Consider $\mathbb{R}^4$ and $\mathbb{R}^2$ as $\mathbb{R}$-vector spaces in the usual way. Let $\varphi : \mathbb{R}^4 \rightarrow \mathbb{R}^2$ be the linear transformation such that $\varphi(1,0,0,0) = (1,-1)$, $\varphi(1,-1,0,0) = (0,0)$, $\varphi(1,-1,1,0) = (1,-1)$, and $\varphi(1,-1,1,-1) = (0,0)$. Find bases for the image and kernel of $\varphi$.

We will use the strategy given in this previous exercise.

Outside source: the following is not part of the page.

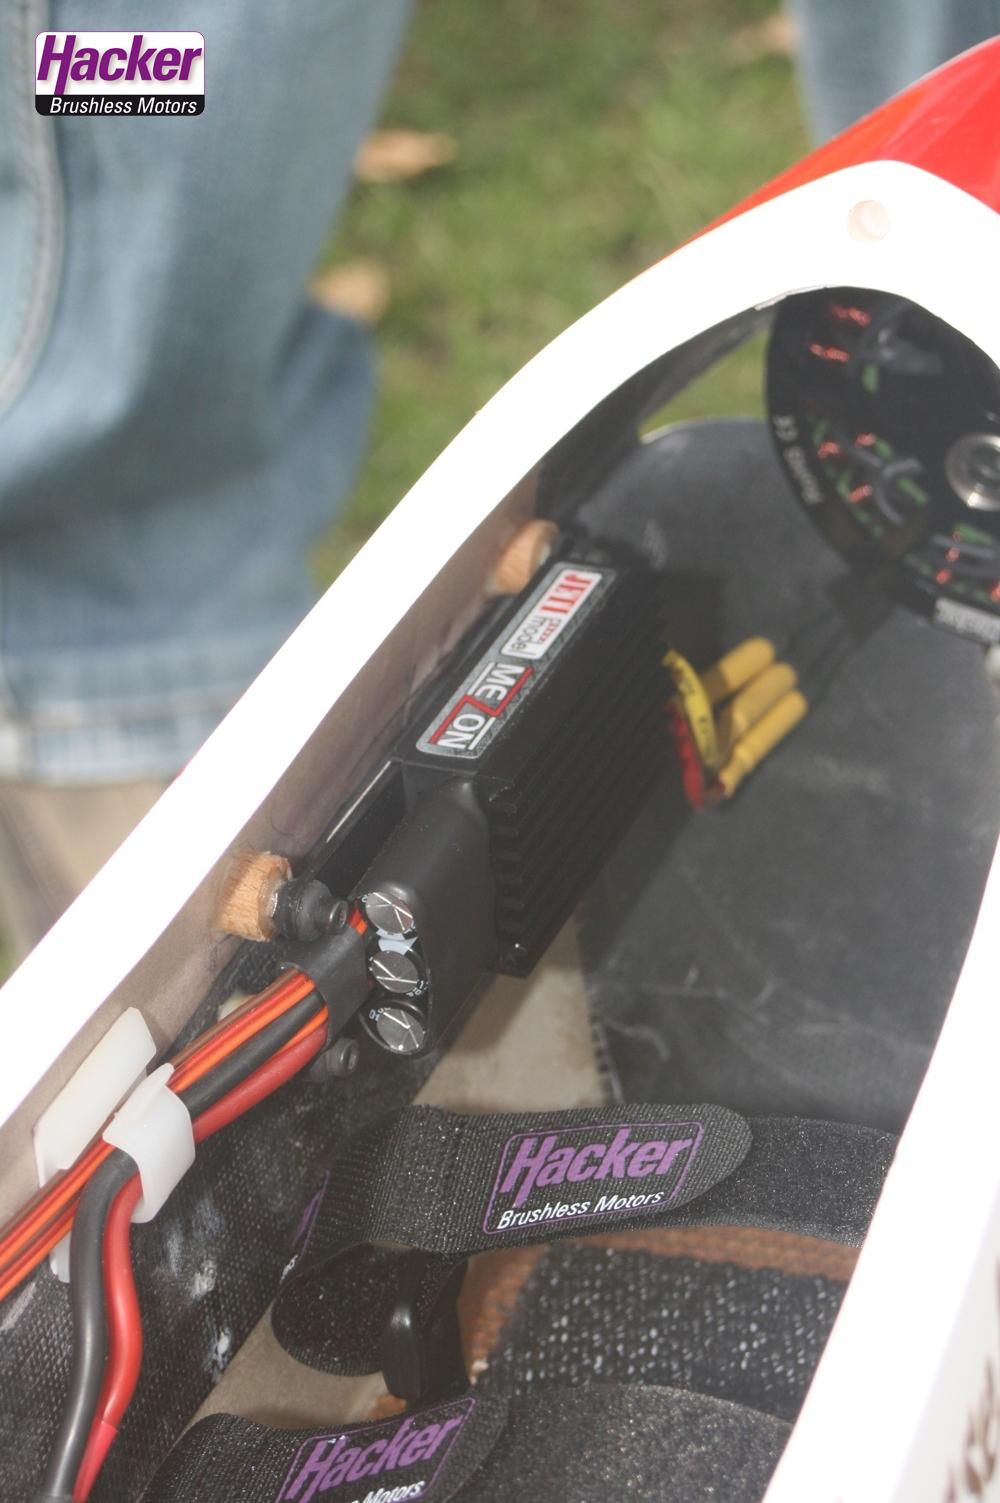 hacker_henning_wessels_2_1000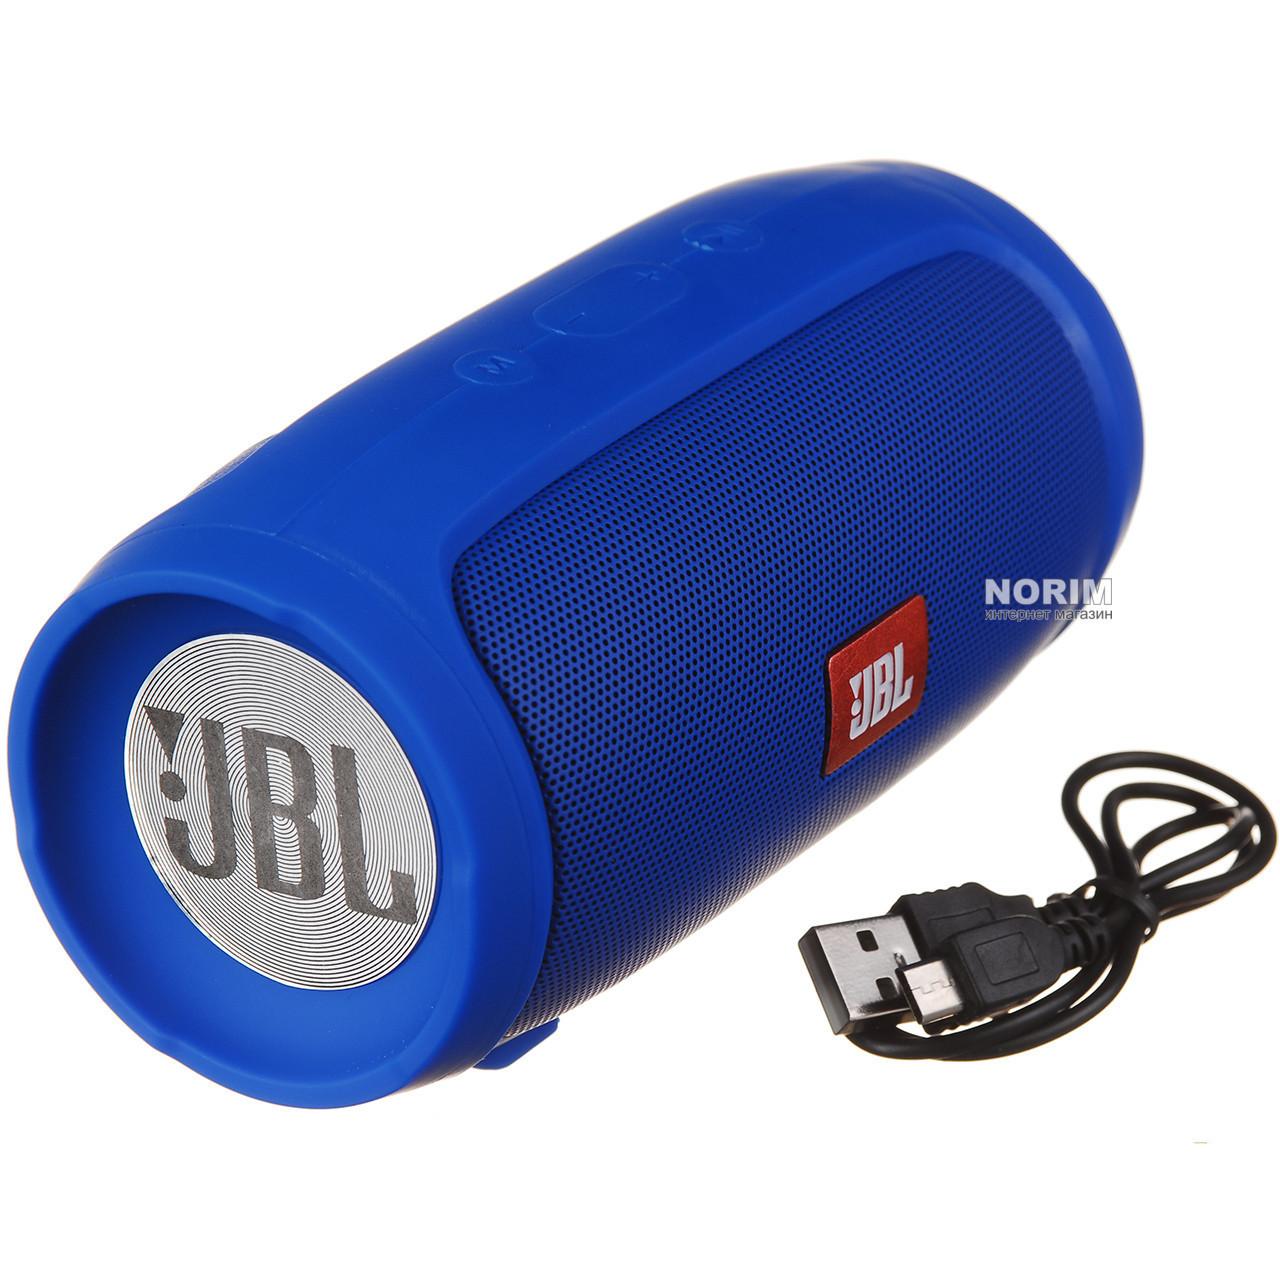 Портативная блютуз колонка JBL Charge 3 MINI колонка с USB,SD,FM

Letting $f_1 = (1,0,0,0)$, $f_2 = (1,-1,0,0)$, $f_3 = (1,-1,1,0)$, and $f_4 = (1,-1,1,-1)$ and letting $e_i$ denote the standard basis vectors, we evidently have $e_1 = f_1$, $e_2 = f_1 - f_2$, $e_3 = f_3 - f_2$, and $e_4 = f_3 - f_4$. Thus $\varphi(e_1) = (1,-1)$, $\varphi(e_2) = (1,-1)$, $\varphi(e_3) = (1,-1)$, and $\varphi(e_4) = (1,-1)$.

Thus the matrix of $\varphi$ with respect to the standard bases is $A = \left[ \begin{array}{cccc} 1 & 1 & 1 & 1 \\ \text{-}1 & \text{-}1 & \text{-}1 & \text{-}1 \end{array} \right]$. The reduced row echelon form $A$ is then $A^\prime = \left[ \begin{array}{cccc} 1 & 1 & 1 & 1 \\ 0 & 0 & 0 & 0 \end{array} \right]$. Since only the first column of $A^\prime$ is pivotal, the image of $\varphi$ is spanned by $(1,-1)$, which is certainly a basis.

The solutions of $A^\prime X = 0$ have the form $X(x_2,x_3,x_4) = \left[ \begin{array}{c} -x_2-x_3-x_4 \\ x_2 \\ x_3 \\ x_4 \end{array} \right]$. Letting $(x_2,x_3,x_4) \in \{(1,0,0),(0,1,0),(0,0,1)\}$, we see that the set $\{(-1,1,0,0),(-1,0,1,0),(-1,0,0,1)\}$ is a basis for $\mathsf{ker}\ \varphi$.